I remember thinking that a feedback sandwich would be an effective way to deliver negative feedback. The idea is that by giving positive, then negative, and then positive feedback we can lower the risk of hurting the recipient’s feelings. I am not convinced that this worked, especially when the meat in the middle is all they really heard and the positives were sort of just thrown in there for balance and for the sake of sandwich making. Again, looking back, I think that the lack of specifics means that the “good” points I mentioned were pretty superficial which made the feedback much less helpful than it could be.
18 months previously, during the feedback session after my lesson the Director simply told me things and gave me commands or advice. I wanted to move away from this so I tried to ask a lot of questions. The trouble is that most of the questions I asked had a “right” answer. This answer invariably matched with my perceptions on teaching and what I had just seen. I also asked quite a few “Why” questions but these questions were focused on practices that I thought were problematic. I also asked “Why not?” as in “Why didn’t you do this thing that I think you are supposed to do?” Even though this has a question mark, I think it can still feel like an attack and still possibly put the teacher on their heels and ready to defend what they may have chosen not to do. Thinking about my questions, it seems I wasn’t there as a fellow explorer or even a guide but more as a nagger who was there to point out what I they did wrong or missed even though I used questions, smiles, and gentle words.

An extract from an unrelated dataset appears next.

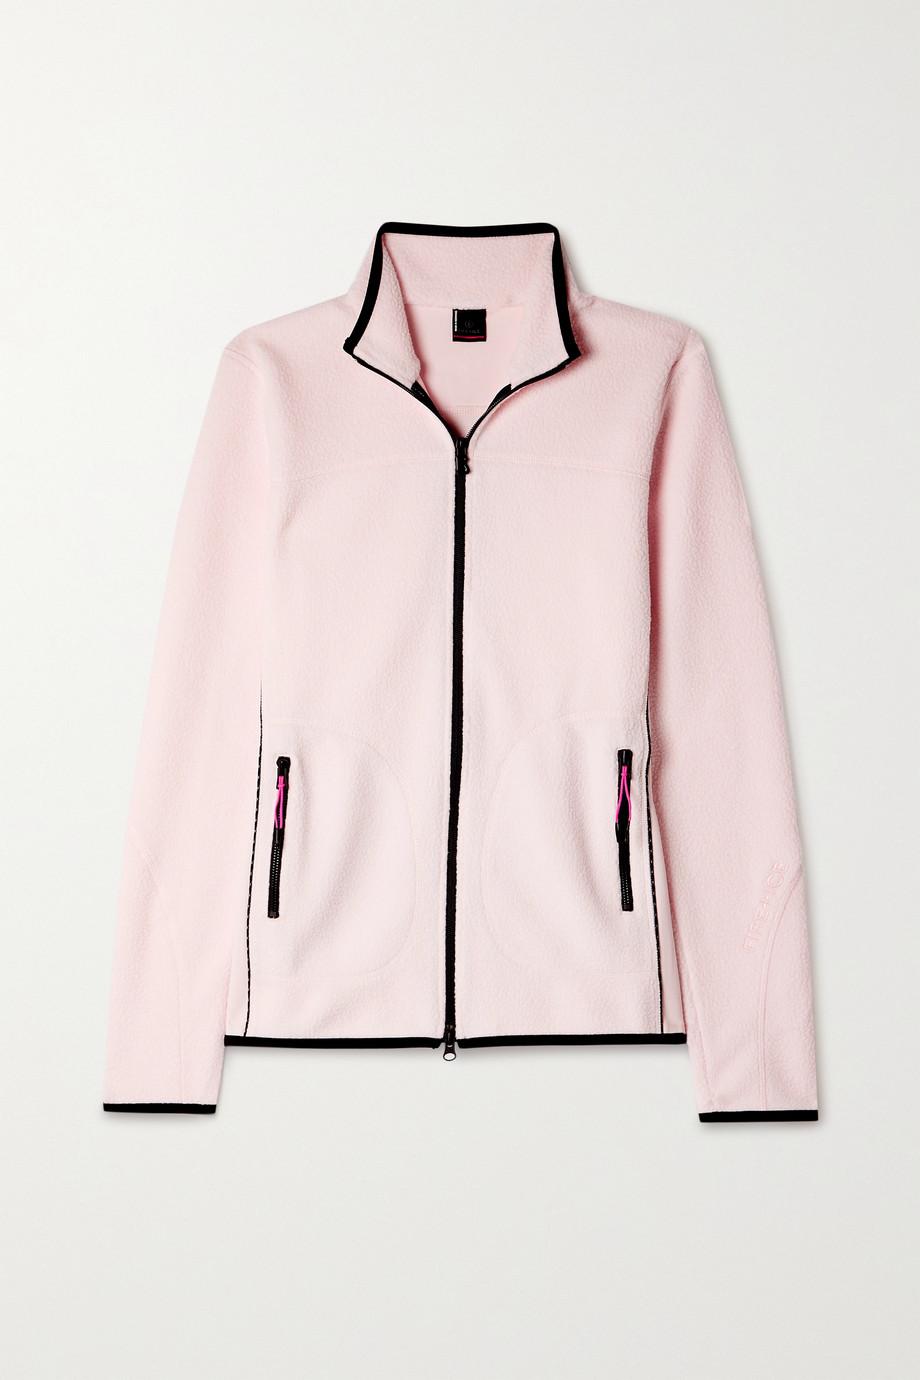 BOGNER FIRE+ICE Gilda jersey-trimmed fleece jacket

Another major potential problem with my feedback was that it was almost solely focused on the teacher and what the teacher did and said. I don’t remember saying anything about the students or student learning. I don’t remember saying or asking anything about what might have helped or hindered student learning. As my focus was almost entirely on the teacher I think I missed the chance to help the teachers see the lessons in terms of LEARNing.
I think that the biggest problem is that I completely stuck to my idea of what “good teaching” might look like. Did I mention that I had a CELTA? I mentioned that I had high student evaluations, right? When watching the lessons of the newer teacher my vision was blocked by the thoughts of what I would do in that situation. The teachers and lessons I was observing were unfairly compared to some idealized version of myself and my lessons. Somehow I didn’t make the connection that I was not them nor they me. These days if someone asks me for advice about observing and giving feedback the first thing I say is “Forget about your lessons” and I think this is generally good advice. What other advice would you give to new observers?